Selma: Well, I think, trade unions have not paid attention to how dependent waged workers
are on welfare, but in fact without welfare the whole wage hierarchy moves down. In the
sense that people are thrown onto the labour market and that undercuts those who are
already there.
Now that's obvious, I didn't invent that or discover that, that's what has always been
known by the labour movement, that capital always wants unemployment as an ongoing thing
because unemployment makes everybody's wage uncertain. It just undermines everybody's wage
because there are more people who are in competition.
Marx speaks a lot about that. Everyone has always spoken a lot about that. How hard it is
as a waged worker when others are knocking on the door looking for jobs. That's a
situation which we are right now in most countries of the world.
So it is in the interest of waged workers to make sure that unwaged workers and
unemployment people have some means of subsistence. So that they are not competing for the
jobs that there are and not further undermining the wages that have been won by great
struggle.
I think that is important to know.
I think the other thing that is really important to know is that immigrants are used like
the unemployed are used to undercut the wage structure. Again the trade unions have not
bothered
a) to organise with immigrants so that they get the rate for the job that is established
in that country, and
b) they have been very national so what happens in third world countries and how much less
wages are there than for those of us in the industrialised countries. The trade unions
again have ignored that, and have ignored to the cost of their members, because that what
becomes the floor of the wages internationally. That's what globalisation means.

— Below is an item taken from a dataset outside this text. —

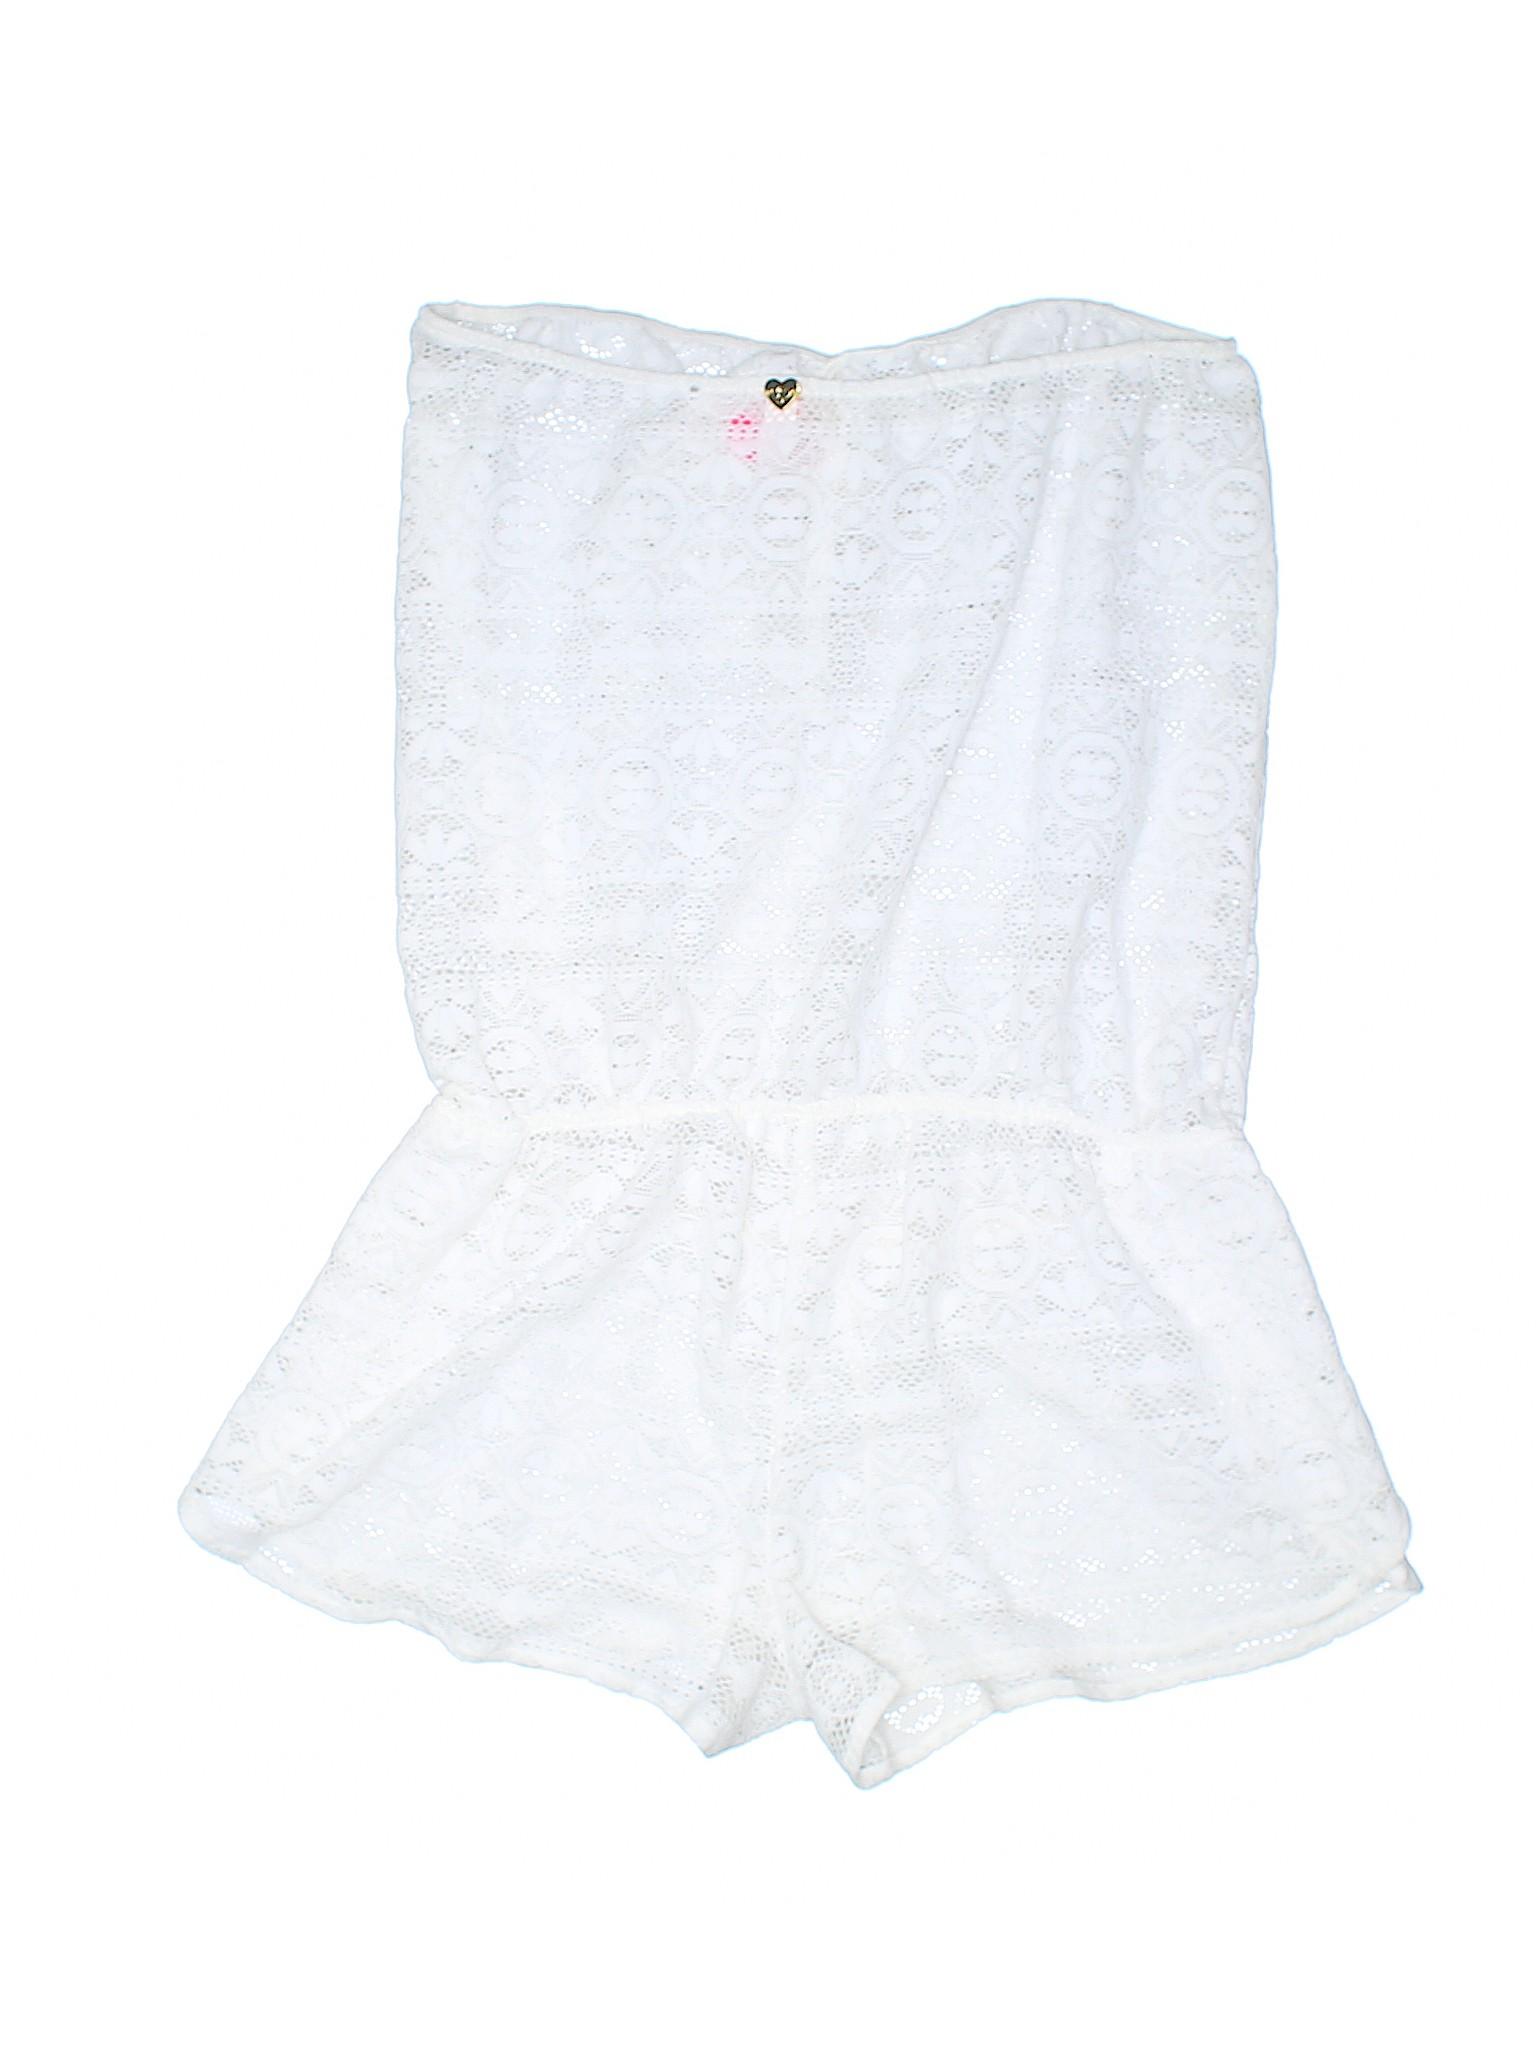 Swimsuit Up Victoria's Secret Cover Boutique wE0x8qYBB
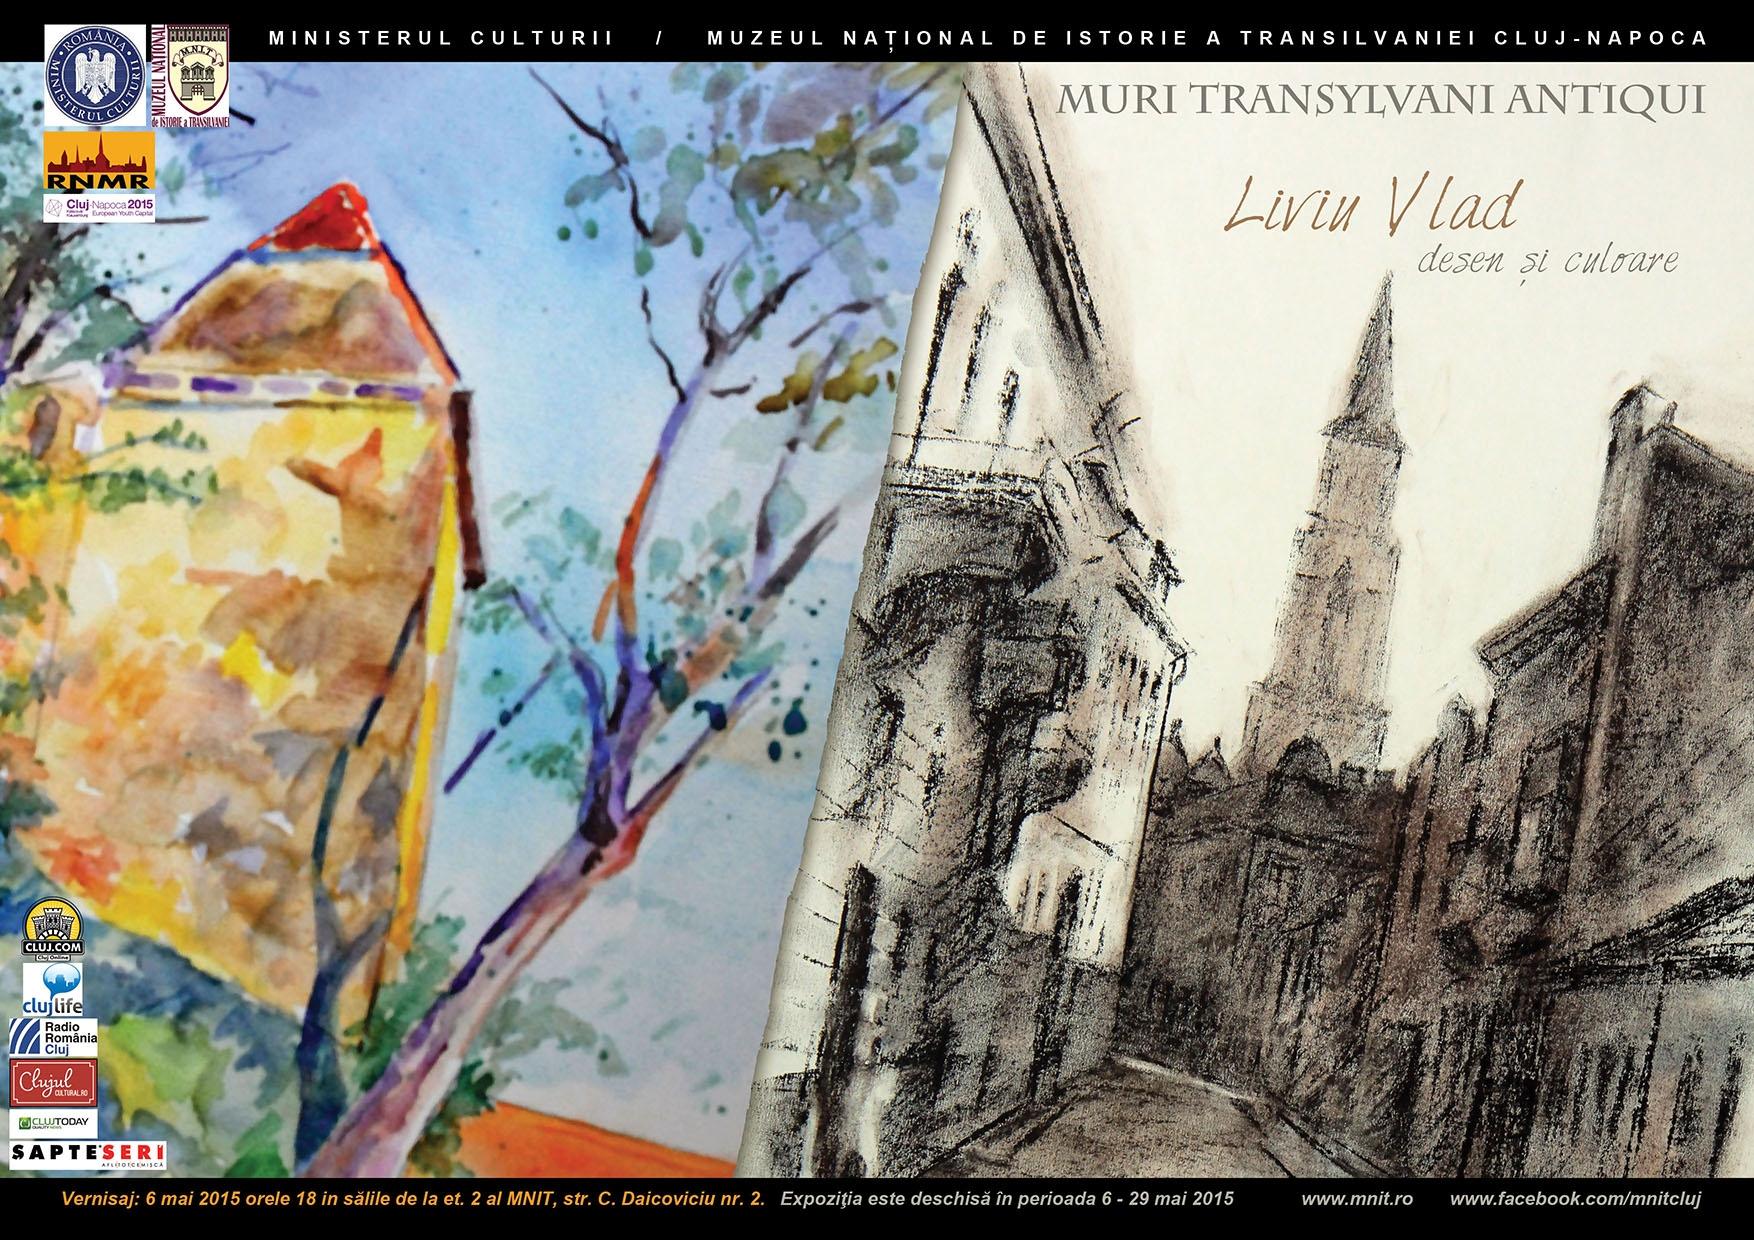 Expoziție de desen semnată Liviu Vlad, la Muzeul Național de Istorie a Transilvaniei

Globalisation means that there is one labour market internationally. There is different
areas of that labour market, but fundamentally there is one labour market and the lowest
wage is capital's aim. The highest wage is our aim. When they can enforce the lowest wages
because there is unemployment, because there is no welfare or because the unemployment
insurance is very low or even undermined or cut in time period because unwaged people,
like women, like housewives for example are thrown off welfare and must find jobs in order
to support themselves. All those are pressures on the wage hierarchy.
What we want to do is to give everyone the same rate for the job internationally. It has
to be what we aim for and we haven't seen it. We just haven't seen, pay equity across the
board. That is one of the demands of the Global Women's Strike. Not only pay equity women
and men but pay equity women and women. You know on an international level.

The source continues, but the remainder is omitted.